Découvrir naissance d'une nation en 2012 provoque à peu près les mêmes réactions que presque exactement cent ans auparavant. 
Dès lors, amis blasés par ce que vous considèrerez comme de stériles controverses ou totalement au fait du contenu de ce film mythique et des remous qu'il provoqua, passez votre chemin, cette critique ne vous est pas destinée. 

Ce film de Griffith permet de toucher du doigt les limites de la note sur Sens Critique. 
Doit-on simplement considérer la qualité technique et artistique de l'œuvre et l'influence qu'il aura sur l'avenir de cet art naissant et alors la note maximale s'impose avec évidence. C'est le choix que beaucoup, ici, ont fait. 
Pour autant, peut-on faire totalement l'impasse sur le discours véhiculé par le film, tout au long de sa deuxième partie, voilà une option à laquelle je ne peux me résoudre, assumant parfaitement de passer pour un parfait pisse-froid, un odieux droit-de-l'hommiste, un défenseur ardent d'une des 1001 versions de la pensée unique.

Si demain devait sortir un film qui révolutionne absolument la façon d'envisager l'avenir du cinéma (et pour le meilleur, artistiquement parlant, tant qu'à faire) en défendant des thèses politiques extrémistes ou racistes, pourrais-je lui attribuer un 10 ? Certainement pas. 

D'autant que nombre d'arguments avancés pour défendre Griffith dans ce film ne tiennent, à mon humble avis, absolument pas la route. 
"à l'époque, les mentalités n'étaient pas les mêmes, le racisme prenant d'autres formes" revient le plus communément.
Je rappellerai humblement que le siècle des lumières est celui des thèses défendant l'égalité entre les hommes et que si ces idées émergent au cours de ce 18eme siècle, c'est bien qu'elles couraient dans certains esprits depuis un bon moment déjà. Et si on peut comprendre que cela ne signifient pas qu'elles aient été majoritaires à telle époque, on peut attendre d'artistes majeurs (car Griffith en est un) qu'ils les aient intégrés deux siècles après. Certes l'homme est du sud et fils d'un héros malheureux de la guerre civile, mais il reste confondant qu'il ait pu s'appuyer sur un ouvrage ouvertement partial et raciste en toute bonne foi sans se rendre compte de la portée qu'allait revêtir son message. 
Parce qu'il me semble que le problème du film dépasse le "simple" problème du racisme. Cela rassemble à une forme de négationnisme historique, d'autant plus étonnante que la première partie semble scrupuleuse. Pourquoi vouloir faire croire pendant une heure trente que les États du sud ont été accaparés politiquement par des hordes de noirs cupides, sales, ivrognes, débraillés, au point que les blancs n'aient plus eu accès aux bureaux de votes ? Comment annoncer que les anciens ennemis du nord et du sud se soient unis pour défendre "l'honneur du sang aryen bafoué" ? Que le Klu Klux Klan ait été la seule réponse salutaire pour une nation en danger de mort ?
Et je ne reviens pas sur la première incrustation du film qui "annonce que les problèmes du pays ont commencé avec l'arrivée des esclaves africains" dans la mesure ou l'on peut encore la comprendre, en début de métrage, de deux façons différentes.

On peut fermer les yeux sur tous ces aspects, considérer que rien de tout ça n'est important, 
Autant il me semble qu'on peut admirer l'oeuvre d'un salaud (Céline étant le premier qui me vient à l'esprit), autant il me semble beaucoup plus difficile de cautionner une œuvre, si belle soit-elle formellement, véhiculant des thèses nauséabondes, quand bien même la vie de son auteur ne semble n'avoir jamais voulu les promouvoir. Et qu'il s'en soit défendu. Et qu'il ait voulu en prendre le contre-pied des son film suivant. 

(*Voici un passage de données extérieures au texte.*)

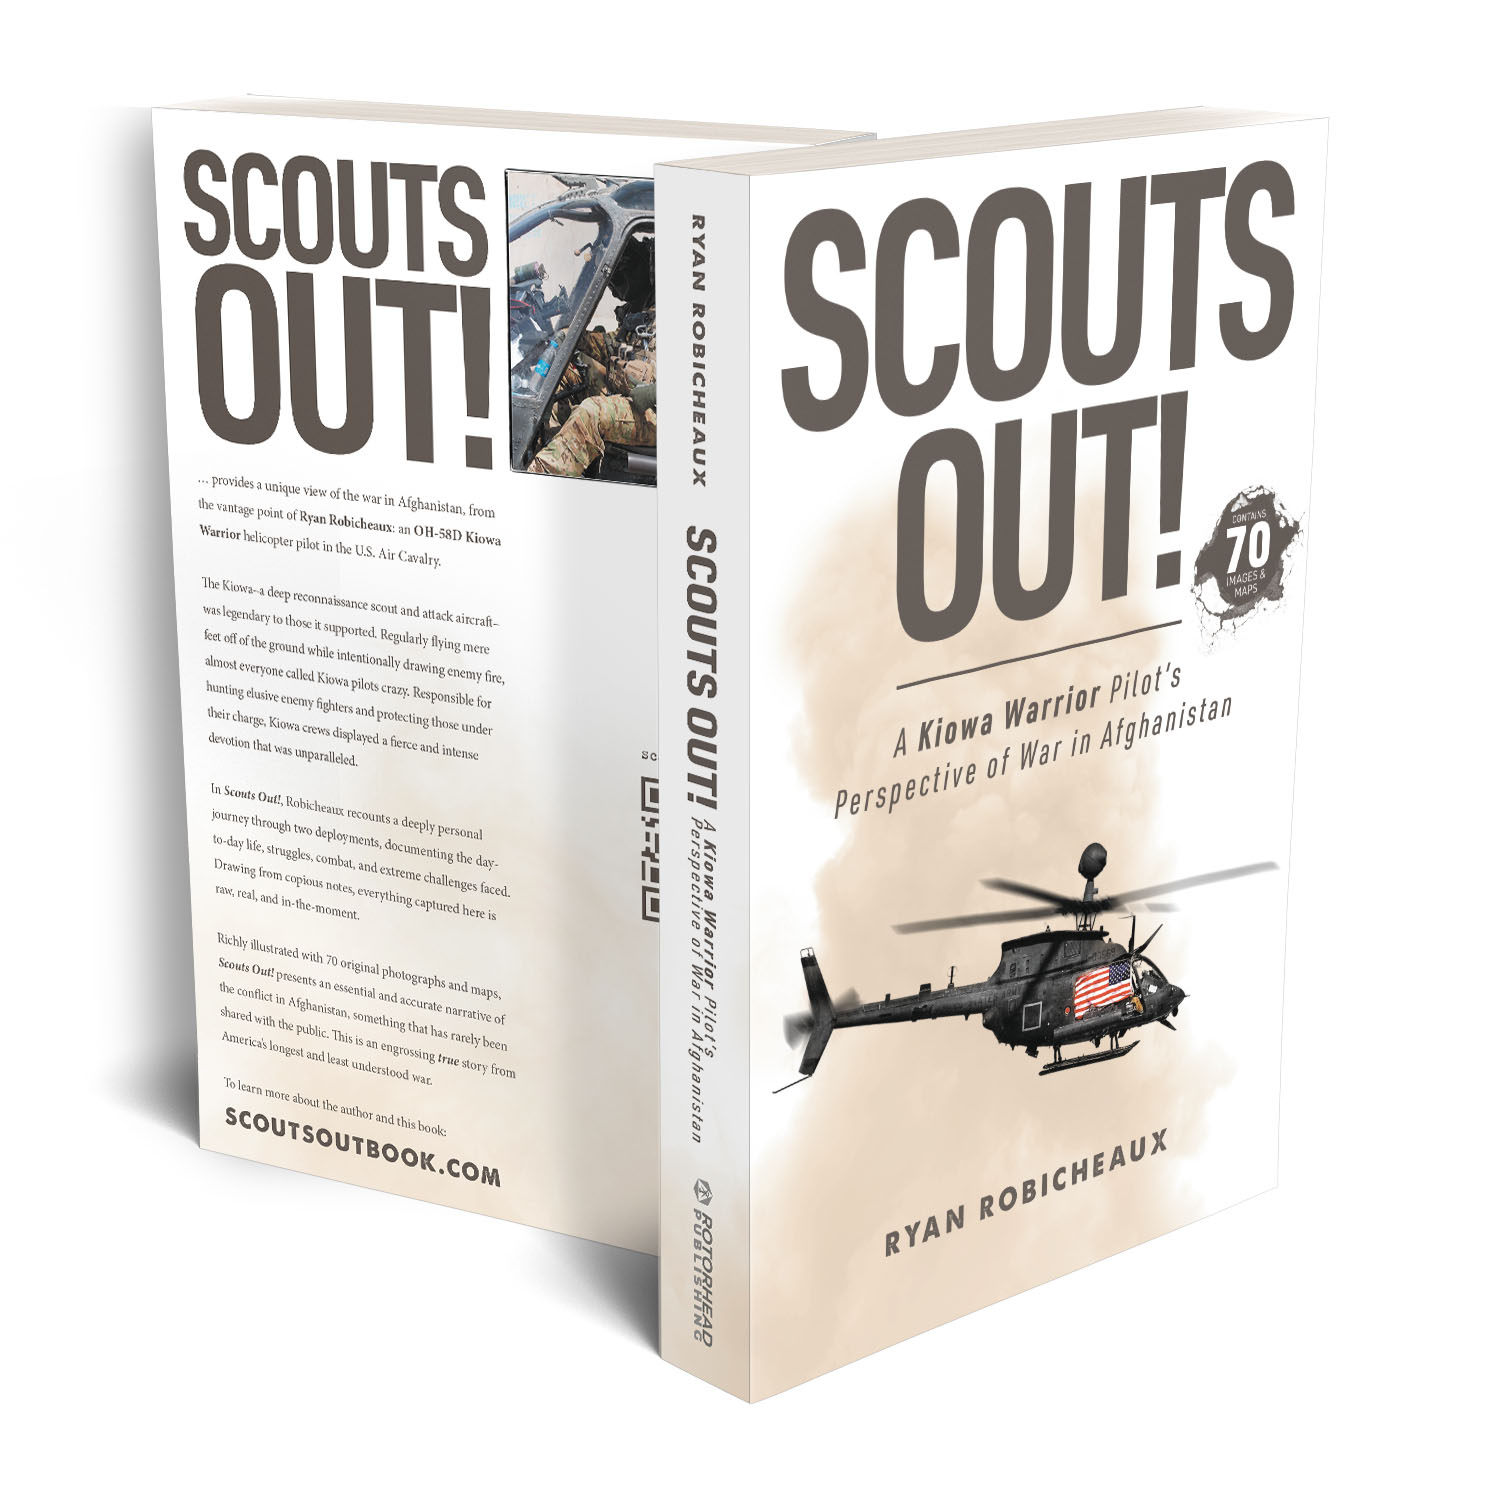 'Scouts Out!' is an immersive, first-hand memoir from the frontlines of the US war in Afghanistan. The author is Ryan Robicheaux. The book cover and interior were designed by Mark Thomas of coverness.com. To find out more about my book design services, please visit www.coverness.com

C'est d'autant plus dommage que les moments magnifiques se succèdent.
Plus que toutes les idées révolutionnaires énoncés un peu partout (montage alterné, alternance de cadrages, distorsion du temps), je retiendrai surtout cette façon unique qu'à Griffith de diriger ses acteurs et actrices, qui ne semblent pas vouloir jouer d'une façon appuyée parce que "muet". Au contraire, on a souvent l'impression de voir de vrais moments filmés par une caméra documentaire. 

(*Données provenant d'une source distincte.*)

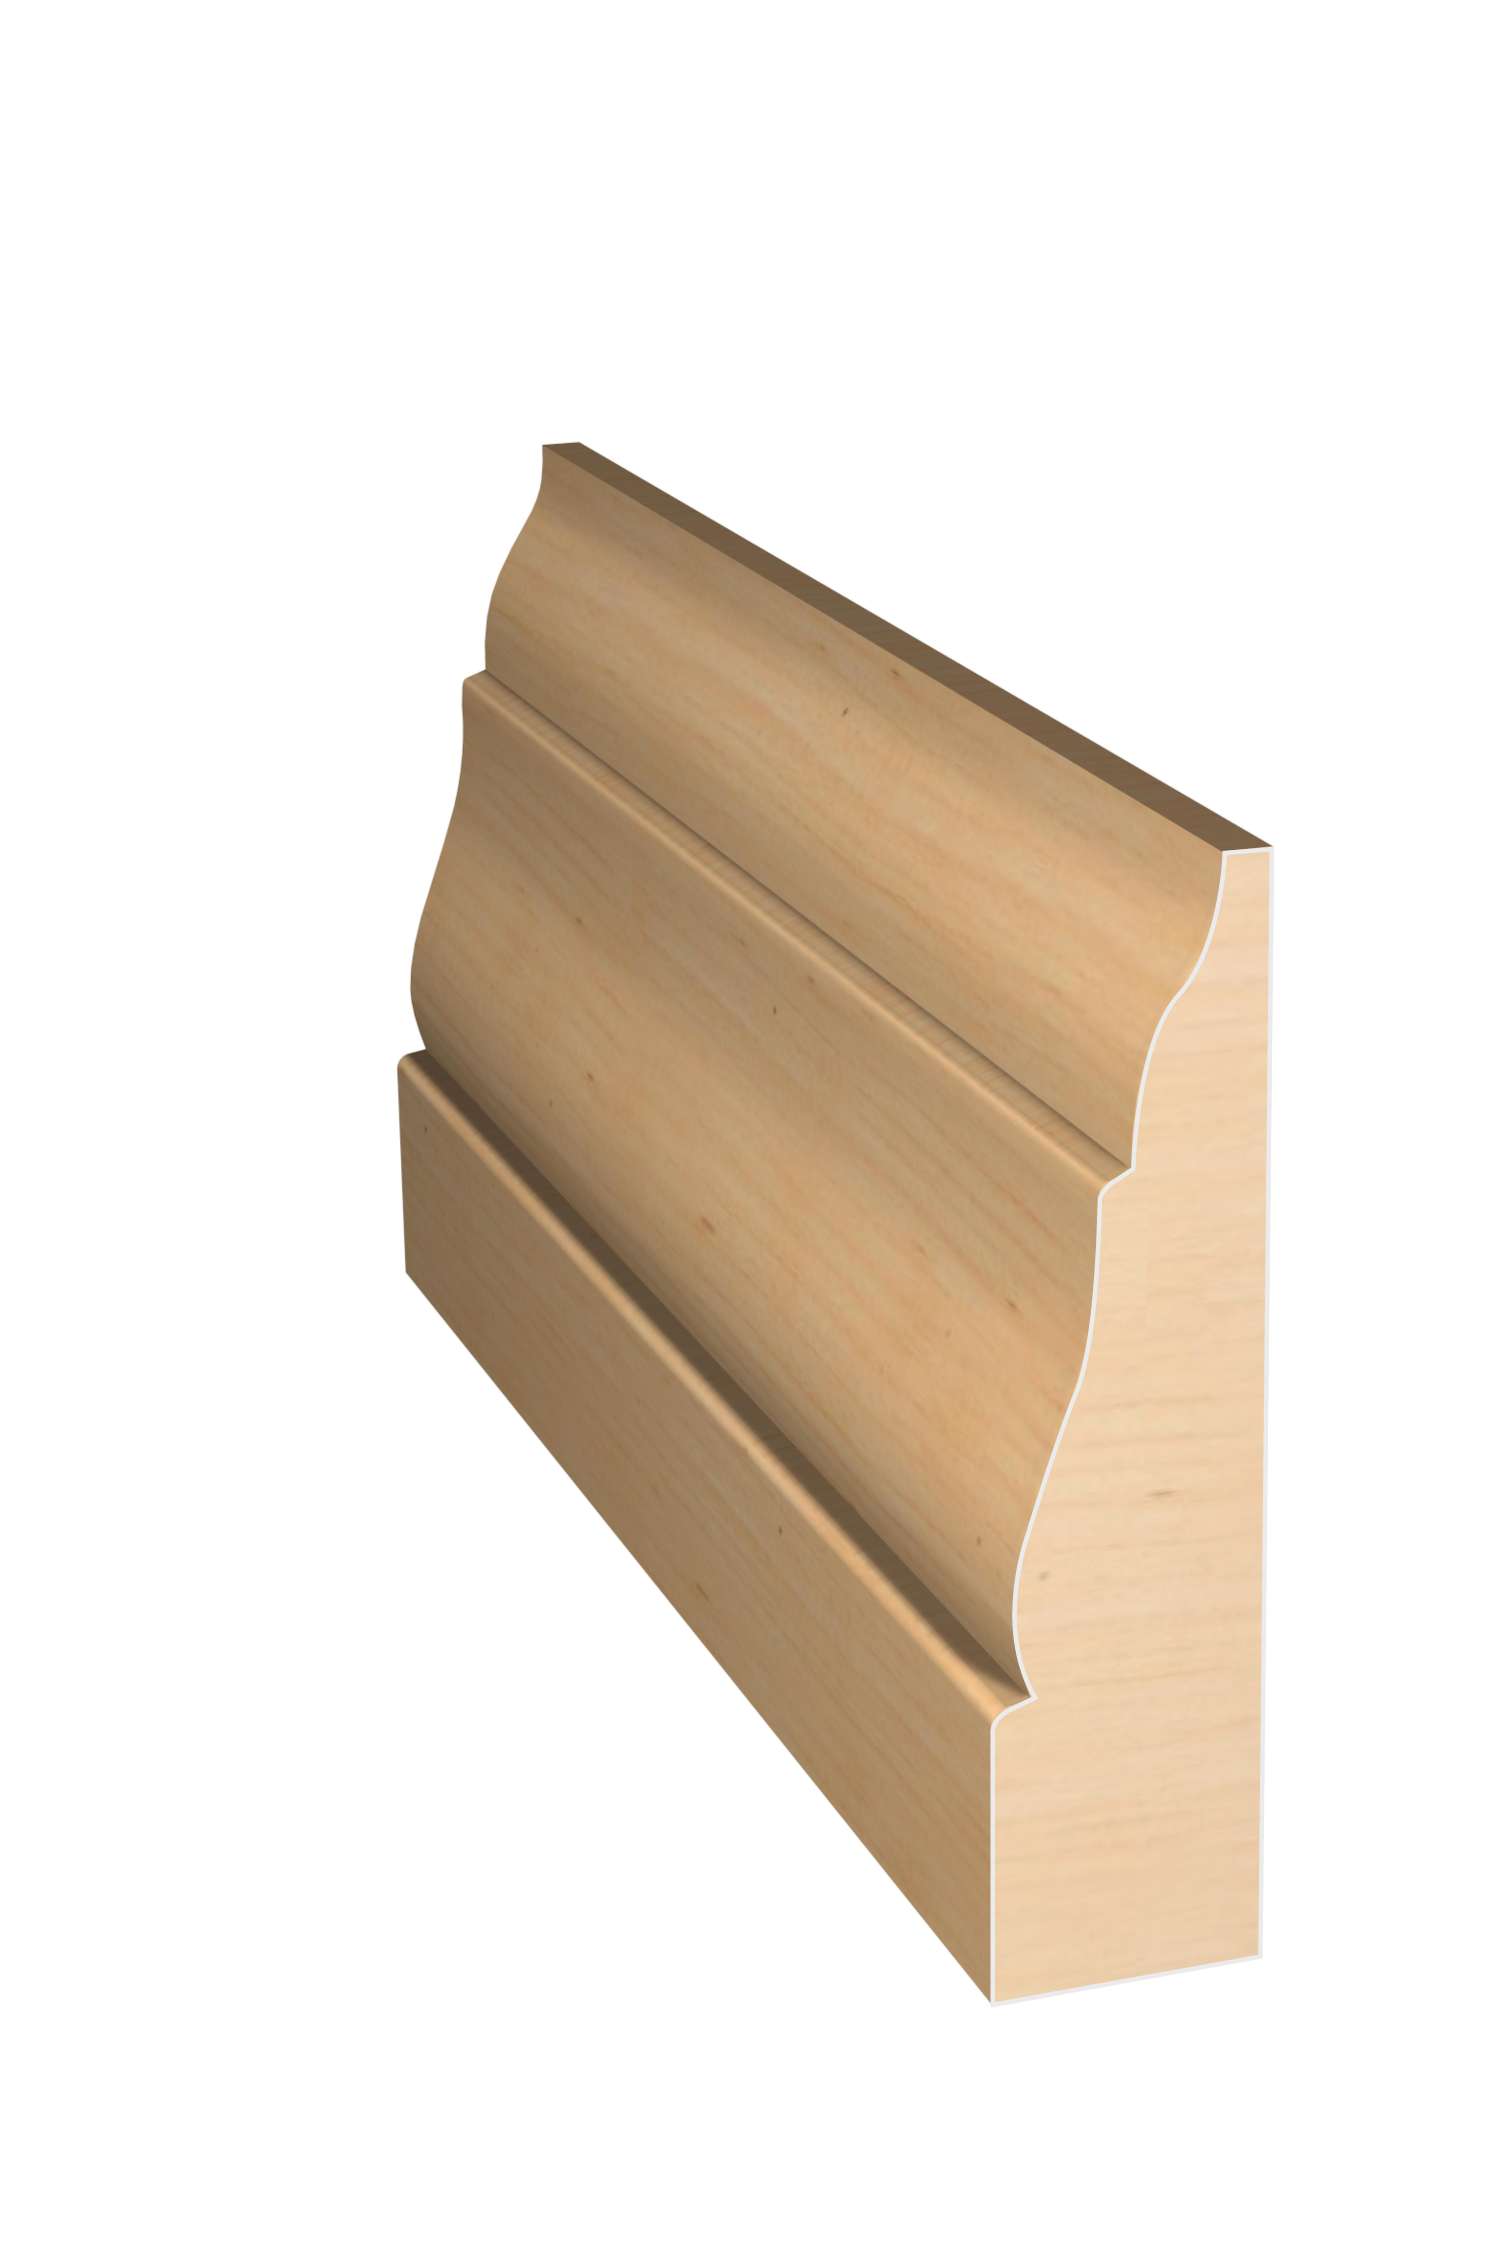 Three dimensional rendering of custom casing wood molding CAPL314 made by Public Lumber Company in Detroit.

Restent des choix de distribution parfois étonnants un siècle après, comme tous ces blancs peints en noirs (technique commune à l'époque), ou ce sosie de Gene Simmons sans maquillage (on a les références qu'on peut) pour camper un Stoneman aux motivations nébuleuses. 

Et puis c'est moi ou a un moment on voit passer un ou deux camions pendant une des grandes scènes de bataille de la première partie ? Non, ça doit être moi. 

Bref... Tutoyant le meilleur et frôlant le pire, la note ne pouvait être que... Pile-poil entre les deux extrêmes.